New in v1.9.1: Instructor now ships with built-in caching support for all providers. Simply pass a cache adapter when creating your client to dramatically reduce API costs and improve response times.

Starting with Instructor v1.9.1, we've introduced native caching support that makes optimization effortless. Instead of implementing complex caching decorators or wrapper functions, you can now pass a cache adapter directly to from_provider() and automatically cache all your structured LLM calls.

The Game Changer: Built-in Caching

Before v1.9.1, caching required custom decorators and manual implementation. Now, it's as simple as:

from instructor import from_provider
from instructor.cache import AutoCache

# Works with any provider - caching flows through automatically
client = from_provider(
    "openai/gpt-4o",
    cache=AutoCache(maxsize=1000)
)

# Your normal calls are now cached automatically
from pydantic import BaseModel

class User(BaseModel):
    name: str
    age: int

first = client.create(
    messages=[{"role": "user", "content": "Extract: John is 25"}],
    response_model=User
)

second = client.create(
    messages=[{"role": "user", "content": "Extract: John is 25"}],
    response_model=User
)

# second call was served from cache - same result, zero cost!
assert first.name == second.name

Universal Provider Support

The beauty of native caching is that it works with every provider through the same simple API:

from instructor.cache import AutoCache, DiskCache

# Works with OpenAI
openai_client = from_provider("openai/gpt-3.5-turbo", cache=AutoCache())

# Works with Anthropic  
anthropic_client = from_provider("anthropic/claude-3-haiku", cache=AutoCache())

# Works with Google
google_client = from_provider("google/gemini-pro", cache=DiskCache())

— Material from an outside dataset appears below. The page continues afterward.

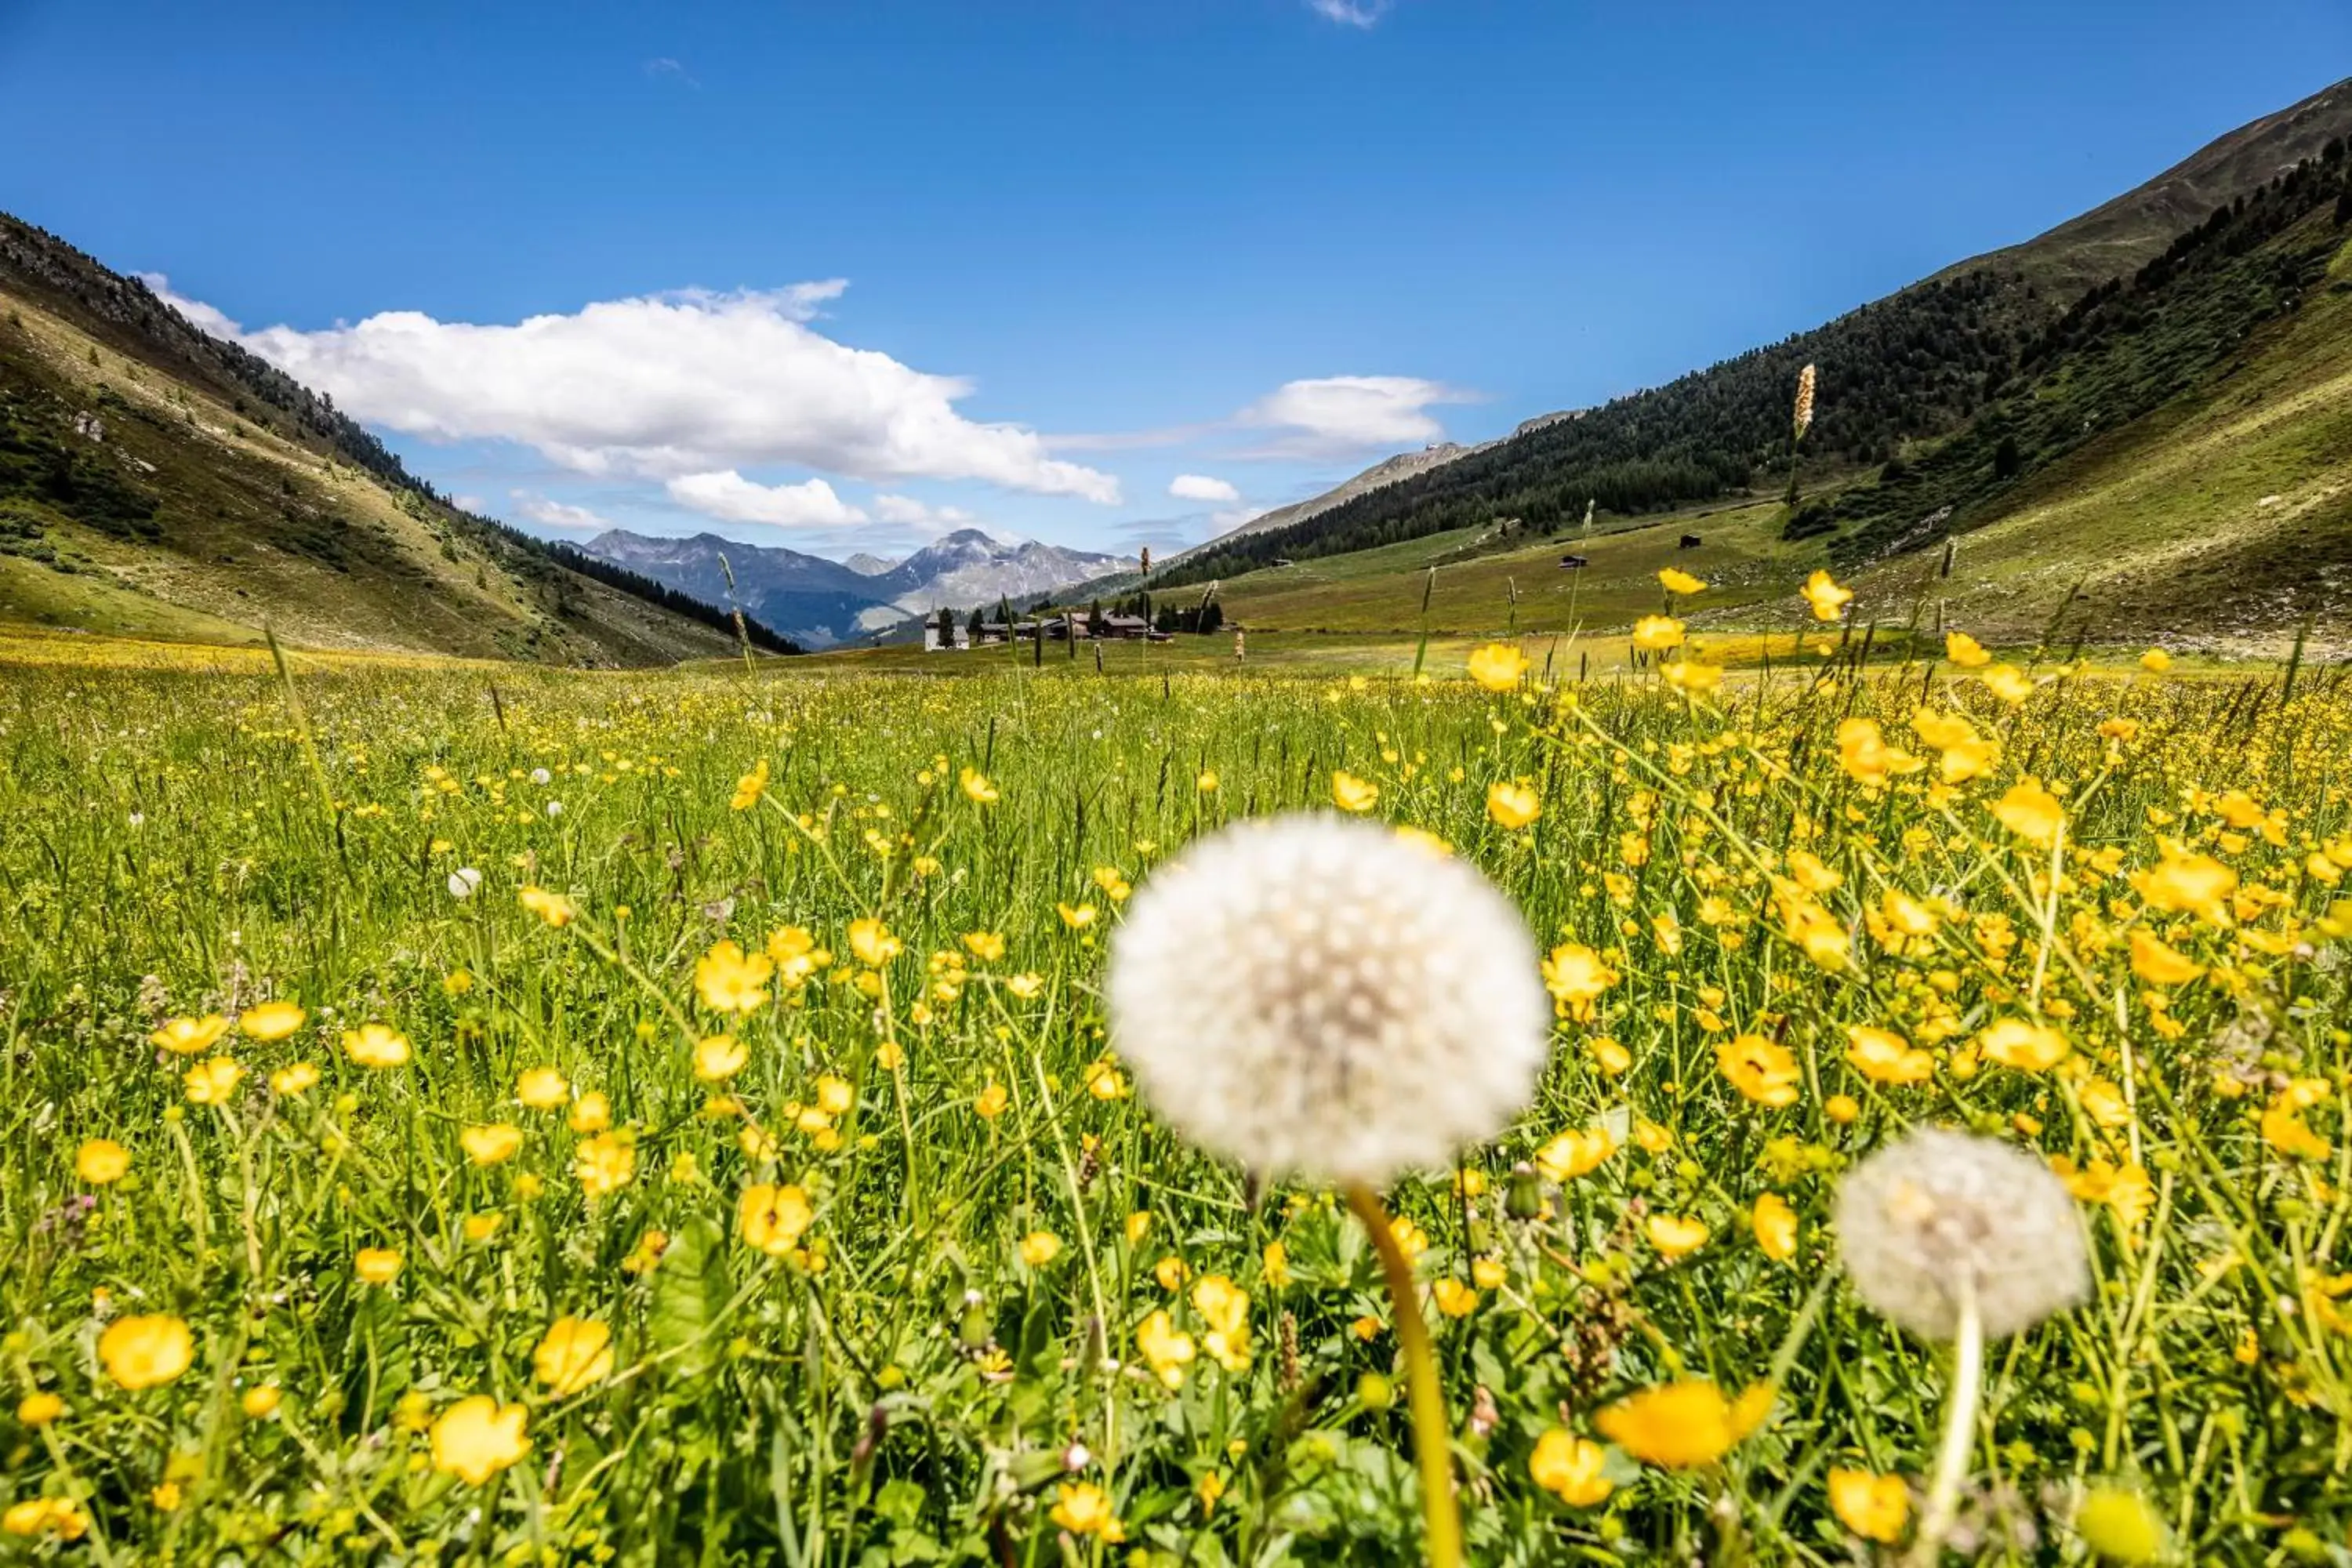 Natural landscape in Hotel Piz Buin Klosters

# Works with any provider in the ecosystem
groq_client = from_provider("groq/llama-3.1-8b", cache=AutoCache())

No provider-specific configuration needed. The cache parameter flows through **kwargs to all underlying implementations automatically.

Built-in Cache Adapters

Instructor v1.9.1 ships with two production-ready cache implementations:

1. AutoCache - In-Process LRU Cache

Perfect for single-process applications and development:

from instructor.cache import AutoCache

# Thread-safe in-memory cache with LRU eviction
cache = AutoCache(maxsize=1000)
client = from_provider("openai/gpt-4o", cache=cache)

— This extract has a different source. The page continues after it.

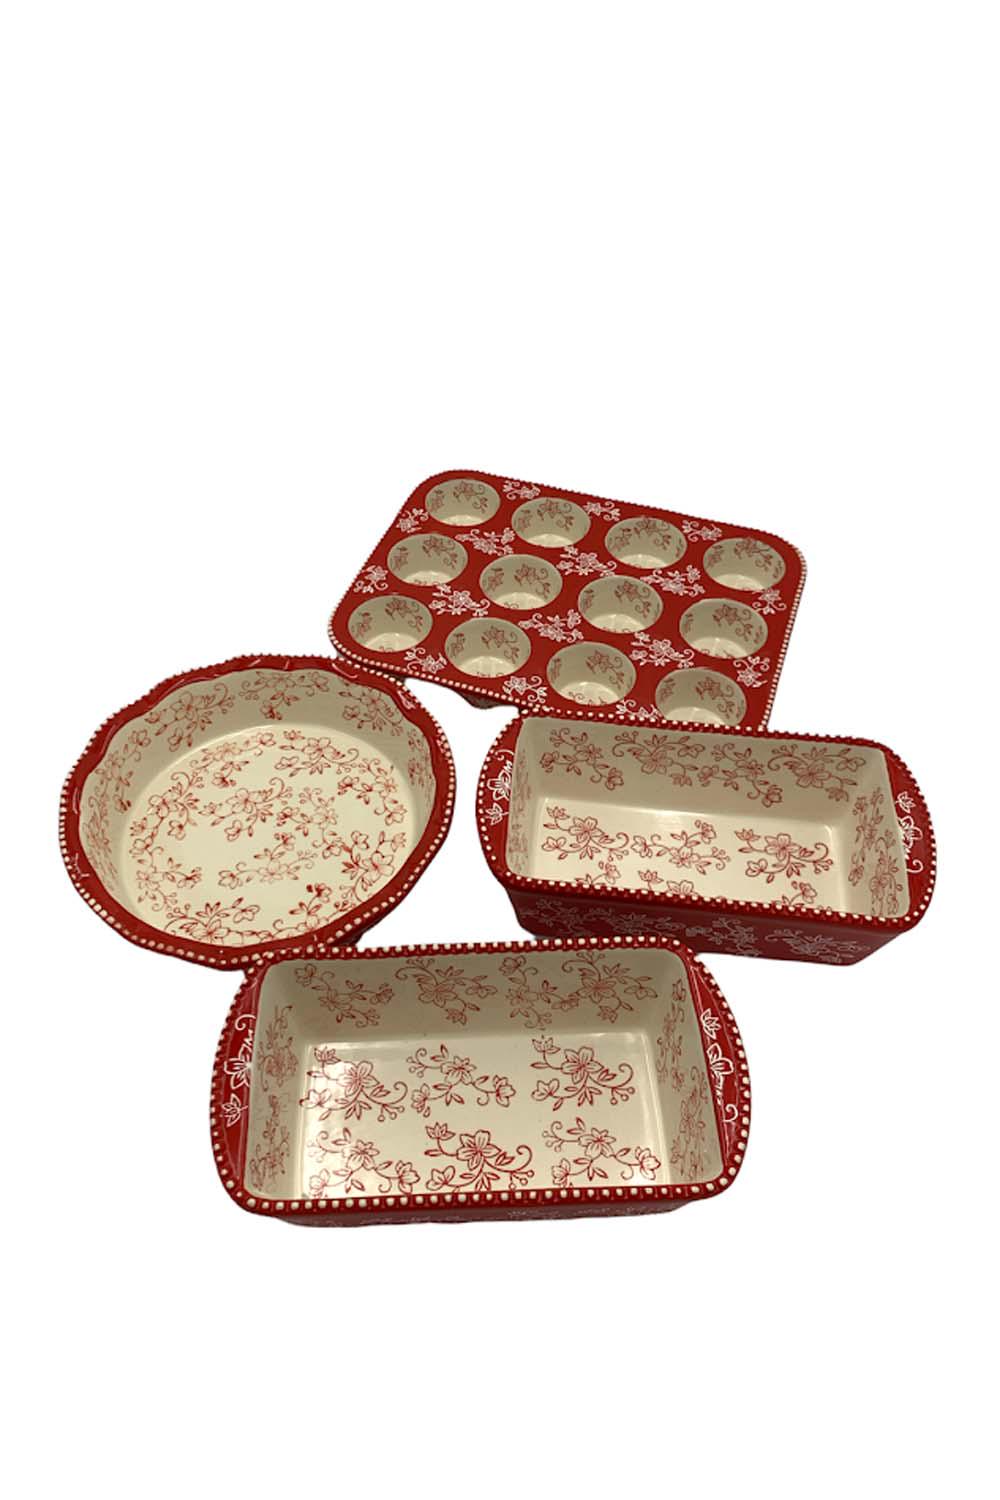 Temp-tations Floral Lace Fluted Tube Pan w/Serving Tray

When to use: - Development and testing - Single-process applications - When you need maximum speed (200,000x+ faster cache hits) - Applications where cache persistence isn't required

2. DiskCache - Persistent Storage

Ideal when you need cache persistence across sessions:

from instructor.cache import DiskCache

# Persistent disk-based cache
cache = DiskCache(directory=".instructor_cache")
client = from_provider("anthropic/claude-3-sonnet", cache=cache)

When to use: - Applications that restart frequently - Development workflows where you want to preserve cache between sessions - When working with expensive or time-intensive API calls - Local applications with moderate performance requirements

Smart Cache Key Generation

Instructor automatically generates intelligent cache keys that include:

  • Provider/model name - Different models get different cache entries
  • Complete message history - Full conversation context is hashed
  • Response model schema - Any changes to your Pydantic model automatically bust the cache
  • Mode configuration - JSON vs Tools mode changes are tracked

This means when you update your Pydantic model (adding fields, changing descriptions, etc.), the cache automatically invalidates old entries - no stale data!

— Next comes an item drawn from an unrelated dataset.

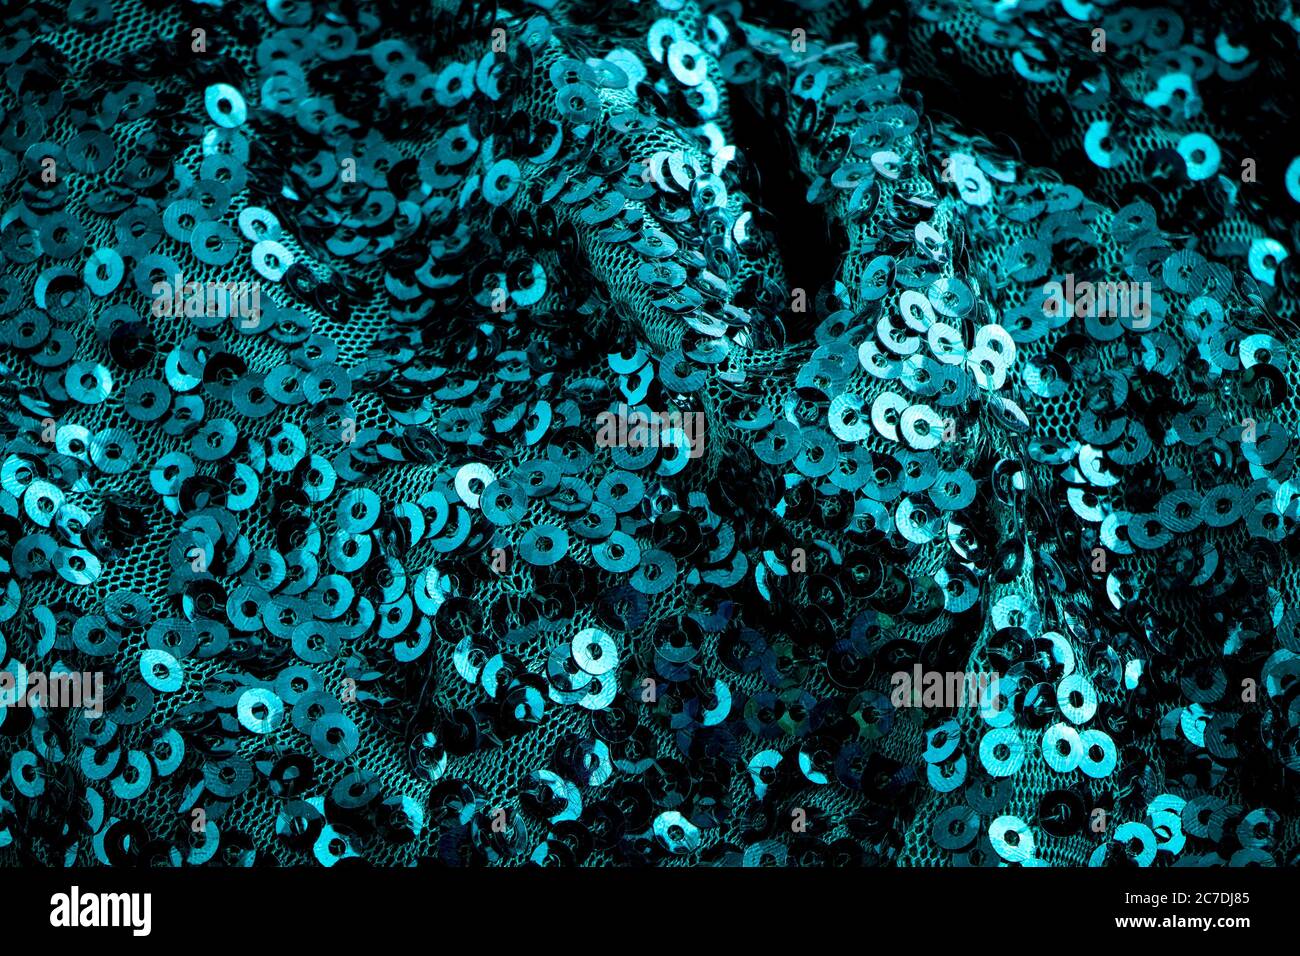 Turquoise shimmer sequined textured fabric Stock Photo

from instructor.cache import make_cache_key

# Generate deterministic cache key
key = make_cache_key(
    messages=[{"role": "user", "content": "hello"}],
    model="gpt-3.5-turbo", 
    response_model=User,
    mode="TOOLS"
)
print(key)  # SHA-256 hash: 9b8f5e2c8c9e...

Custom Cache Implementations

Want Redis, Memcached, or a custom backend? Simply inherit from BaseCache:

from instructor.cache import BaseCache
import redis

class RedisCache(BaseCache):
    def __init__(self, host="localhost", port=6379, **kwargs):
        self.redis = redis.Redis(host=host, port=port, **kwargs)

    def get(self, key: str):
        value = self.redis.get(key)
        return value.decode() if value else None

    def set(self, key: str, value, ttl: int | None = None):
        if ttl:
            self.redis.setex(key, ttl, value)
        else:
            self.redis.set(key, value)

# Use your custom cache
redis_cache = RedisCache(host="my-redis-server")
client = from_provider("openai/gpt-4o", cache=redis_cache)

The BaseCache interface is intentionally minimal - just implement get() and set() methods and you're ready to go.

Time-to-Live (TTL) Support

Control cache expiration with per-call TTL overrides:

# Cache this result for 1 hour
result = client.create(
    messages=[{"role": "user", "content": "Generate daily report"}],
    response_model=Report,
    cache_ttl=3600  # 1 hour in seconds
)

TTL support depends on your cache backend: - AutoCache: TTL is ignored (no expiration) - DiskCache: Full TTL support with automatic expiration - Custom backends: Implement TTL handling in your set() method

Migration from Manual Caching

If you were using custom caching decorators, migrating is straightforward:

Before v1.9.1:

@functools.cache
def extract_user(text: str) -> User:
    return client.create(
        messages=[{"role": "user", "content": text}],
        response_model=User
    )

With v1.9.1:

# Remove decorator, add cache to client
client = from_provider("openai/gpt-4o", cache=AutoCache())

def extract_user(text: str) -> User:
    return client.create(
        messages=[{"role": "user", "content": text}],
        response_model=User
    )

No more function-level caching logic - just create your client with caching enabled and all calls benefit automatically.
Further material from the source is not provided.